During his second term as chief minister in the 1970s, Karunanidhi also set an unbroken precedent when he appointed a commission under retired high court chief justice P V Rajamannar to study the federal question and delineate the Constitutional powers of the state.

Such being the case, at a time when pan-Tamil revivalism is sneaking into the body politic after decades, the Centre as an institution or the BJP as a party misconstruing the DMK demand could lead to more problems than solutions.

And solutions to such issues can be found only through a national discourse, in forgotten fora like the National Integration Council and the like.

It is also in this context that the DMK and successive AIADMK governments before Stalin have been pressing the Centre and the President for early freedom to the seven individuals convicted in the Rajiv Gandhi assassination case who completed 30 years in prison this month.

It is not about the legality of it, but about the politics of it all. Taken in the right direction a favourable decision can deny pan-Tamil peripheral groups rearing their heads as they have made it a huge issue through the past decades.

With Finance Minister Sitharaman, Stalin is going to press the state’s continual demand (from the previous AIADMK days) for releasing the GST dues, and also allotting more funds for the state — and not to ‘punish developed states’ for being developed.

With Home Minister Amit Shah, Stalin may take up the release of the Rajiv killers, sidestepping the issue while paying a courtesy call on President Kovind.

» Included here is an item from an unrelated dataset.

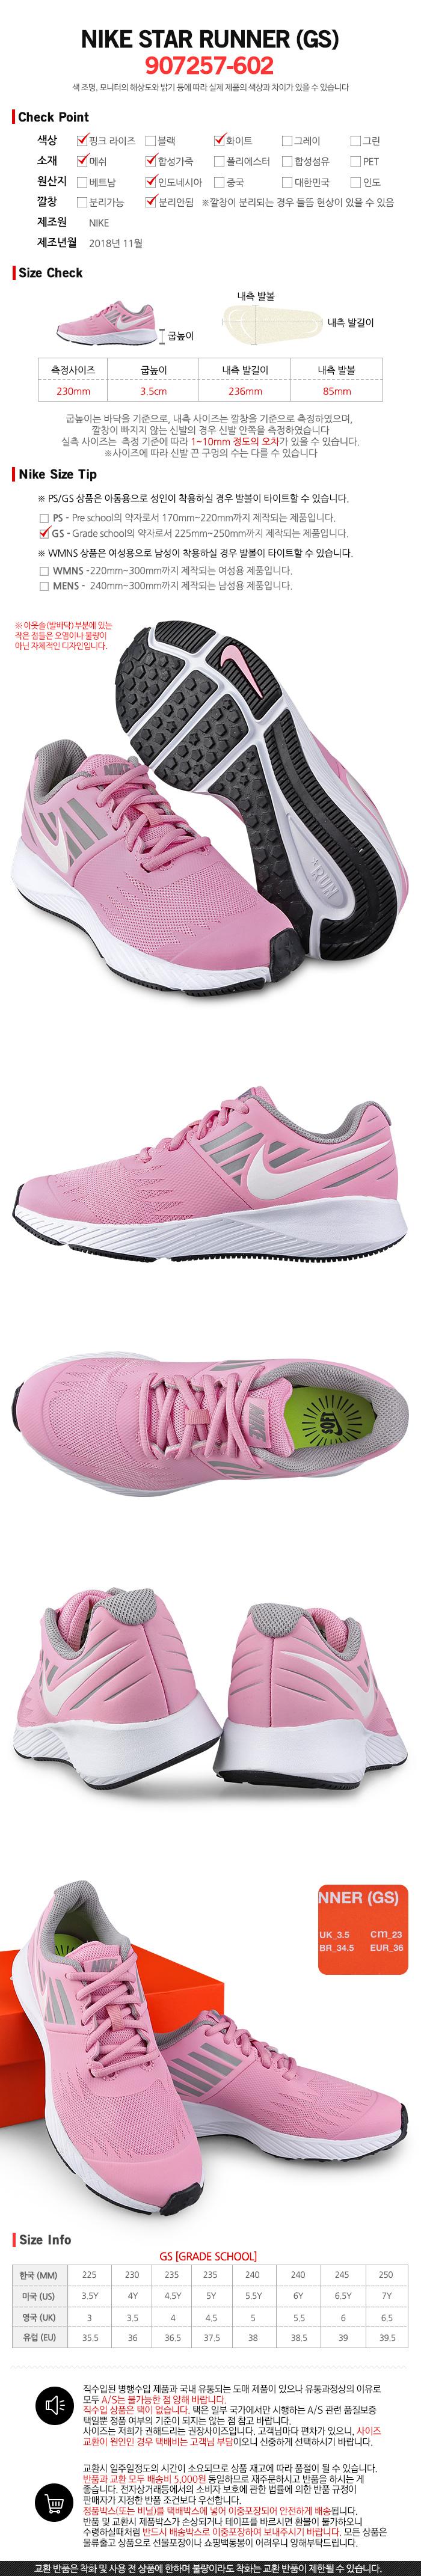 나이키(NIKE) 스타러너 GS 여성 운동화 핑크그레이 (907257-602)

Yet, it will be interesting to know if the BJP ministers at the Centre have any good word to be shared with Stalin personally, on his handling of the Covid pandemic, and more so the sensitive issue of temple administration in the state.

Even before the DMK came to power and through the past three-plus years when the state was on election mode, BJP-centric Hindutva social media groups have been taunting the Stalin leadership on the government takeover of all Hindu temples, and wanting them to be ‘freed’ especially from the hands of ‘non-believers’, a reference only to the DMK and not the AIADMK.

Possibly egged on by his wife Durga, a strong believer and a staunch follower of astrology, the chief minister seems to have given priority to regularising temple administration even at the height of the pandemic work, which remains on the top of the state government’s agenda and his own.

Thus, his chosen minister for temple administration, P K Sekar Babu, lost no time in putting up the list of properties of government-owned temples on the official Web site. As the wag exclaimed, at around Rs 3.5 lakh crores, Tamil Nadu’s temples might be among the single largest property-holders in the state.

Babu has since got around to getting temple property in Chennai cleared of squatters. The process will continue, going beyond the Jayalalithaa government’s attempt at naming-and-shaming the defaulters by putting out their names in respective temples with the due amounts against each one’s name.

However, in seeking to revisit the issue of temple property, to manage which alone the Justice Party government had taken them over a hundred years ago, the ruling DMK has also been drawing the line in terms of enforcing the party’s favourite social justice theme.

Barring anti-DMK social media groups identified with select Hindutva groups, Babu’s reiteration of the Karunanidhi era policy of appointing non-Brahmin priests has not faced criticism from other quarters. The minister has also talked about appointing women as temple priests.

Though seen mostly as a social issue with political overtones, this could be among the defining moment in BJP-DMK relations through the coming years, up to election 2024 and beyond.

Though it is too early to predict, going by the current trends, it is not unlikely that Stalin’s DMK could simply hijack the BJP’s religion-centric politics in the state, which anyway has not fetched the latter more than 2.5-3 per cent vote-share in the best of times.

A pointer to how the BJP views Stalin’s temple initiative may be known during the chief minister’s meetings in Delhi, though it cannot lead to a new alliance in the offing.

Of course, the PM is not unlikely to flash the BJP’s desire to see the DMK chart its own course and away from the Congress rival, one more time — especially if and when the two leaders meet one-on-one without aides, on Friday the 18th.